OpenAI says it’s “impossible” to create useful AI models without copyrighted material

sculd@beehaw.org · 10 months ago

OpenAI says it’s “impossible” to create useful AI models without copyrighted material

Phanatik@kbin.social · 10 months ago

Neither is an LLM. What you’re describing is a primitive Markov chain.

My description might’ve been indicative of a Markov chain but the actual framework uses matrices because you need to be able to store and compute a huge amount of information at once which is what matrices are good for. Used in animation if you didn’t know.

What it actually uses is irrelevant, how it uses those things is the same as a regression model, the difference is scale. A regression model looks at how related variables are in giving an outcome and computing weights to give you the best outcome. This was the machine learning boom a couple of years ago and TensorFlow became really popular.

LLMs are an evolution of the same idea. I’m not saying it’s not impressive because it’s very cool what they were able to do. What I take issue with is the branding, the marketing and the plagiarism. I happen to be in the intersection of working in the same field, an avid fan of classic Sci-Fi and a writer.

It’s easy to look at what people have created throughout history and think “this looks like that” and on a point by point basis you’d be correct but the creation of that thing is shaped by the lens of the person creating it. Someone might make a George Carlin joke that we’ve heard recently but we’ll read about it in newspapers from 200 years ago. Did George Carlin steal the idea? No. Was he aware of that information? I don’t know. But Carlin regularly calls upon his own experiences so it’s likely that he’s referencing a event from his past that is similar to that of 200 years ago. He might’ve subconsciously absorbed the information.

The point is that the way these models have been trained is unethical. They used material they had no license to use and they’ve admitted that it couldn’t work as well as it does without stealing other people’s work. I don’t think they’re taking the position that it’s intelligent because from the beginning that was a marketing ploy. They’re taking the position that they should be allowed to use the data they stole because there was no other way.

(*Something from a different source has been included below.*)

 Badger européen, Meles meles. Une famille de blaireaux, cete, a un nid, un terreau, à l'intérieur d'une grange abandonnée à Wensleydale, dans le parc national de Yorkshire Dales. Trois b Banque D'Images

Pup Biru@aussie.zone · 10 months ago

branding

okay

the marketing

yup

the plagiarism

woah there! that’s where we disagree… your position is based on the fact that you believe that this is plagiarism - inherently negative

perhaps its best not use loaded language. if we want to have a good faith discussion, it’s best to avoid emotive arguments and language that’s designed to evoke negativity simply by their use, rather than the argument being presented

I happen to be in the intersection of working in the same field, an avid fan of classic Sci-Fi and a writer

its understandable that it’s frustrating, but just because a machine is now able to do a similar job to a human doesn’t make it inherently wrong. it might be useful for you to reframe these developments - it’s not taking away from humans, it’s enabling humans… the less a human has to have skill to get what’s in their head into an expressive medium for someone to consume the better imo! art and creativity shouldn’t be about having an ability - the closer we get to pure expression the better imo!

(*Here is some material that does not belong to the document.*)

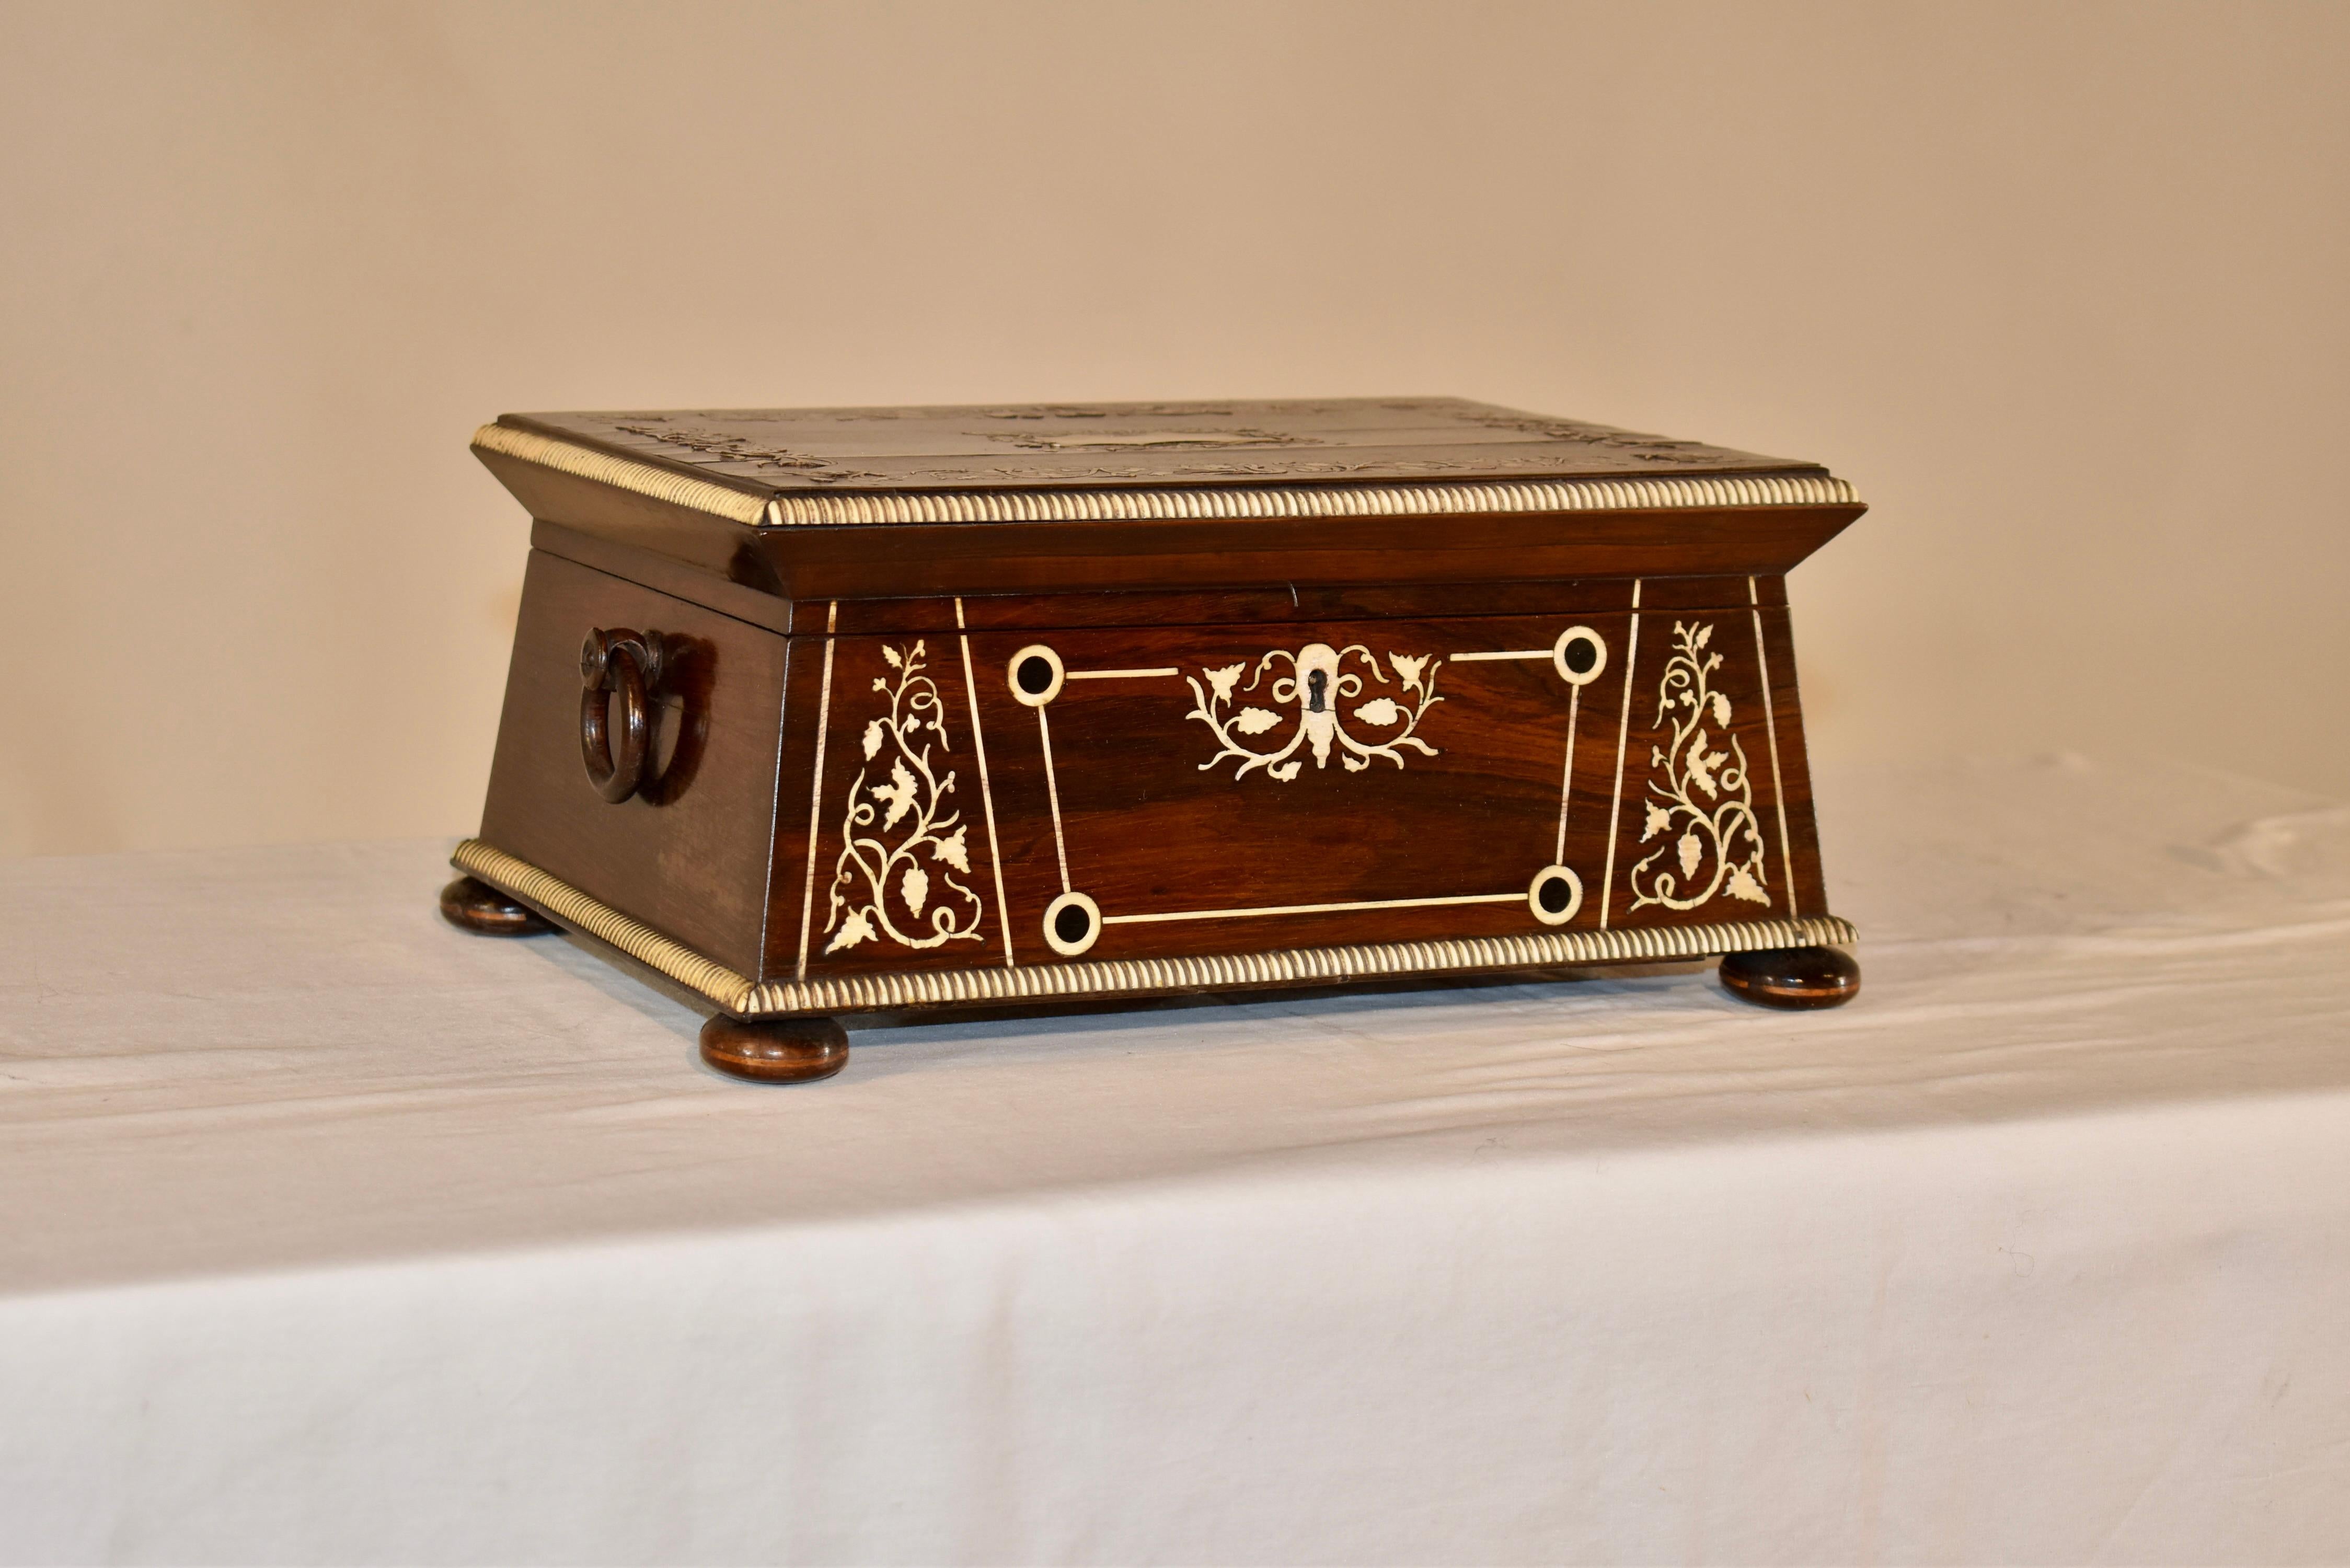 Coffret anglais du 19e siècle en bois de rose au grain exquis.  La boîte présente de magnifiques motifs incrustés sur le dessus et le devant en ivoire, ainsi qu'une garniture perlée en ivoire.  Deux poignées se trouvent de chaque côté de la boîte,

the less you have to worry about the technicalities of writing, the more you can focus on pure creativity

The point is that the way these models have been trained is unethical. They used material they had no license to use and they’ve admitted that it couldn’t work as well as it does without stealing other people’s work

i’d question why it’s unethical, and also suggest that “stolen” is another emotive term here not meant to further the discussion by rational argument

so, why is it unethical for a machine but not a human to absorb information and create something based on its “experiences”?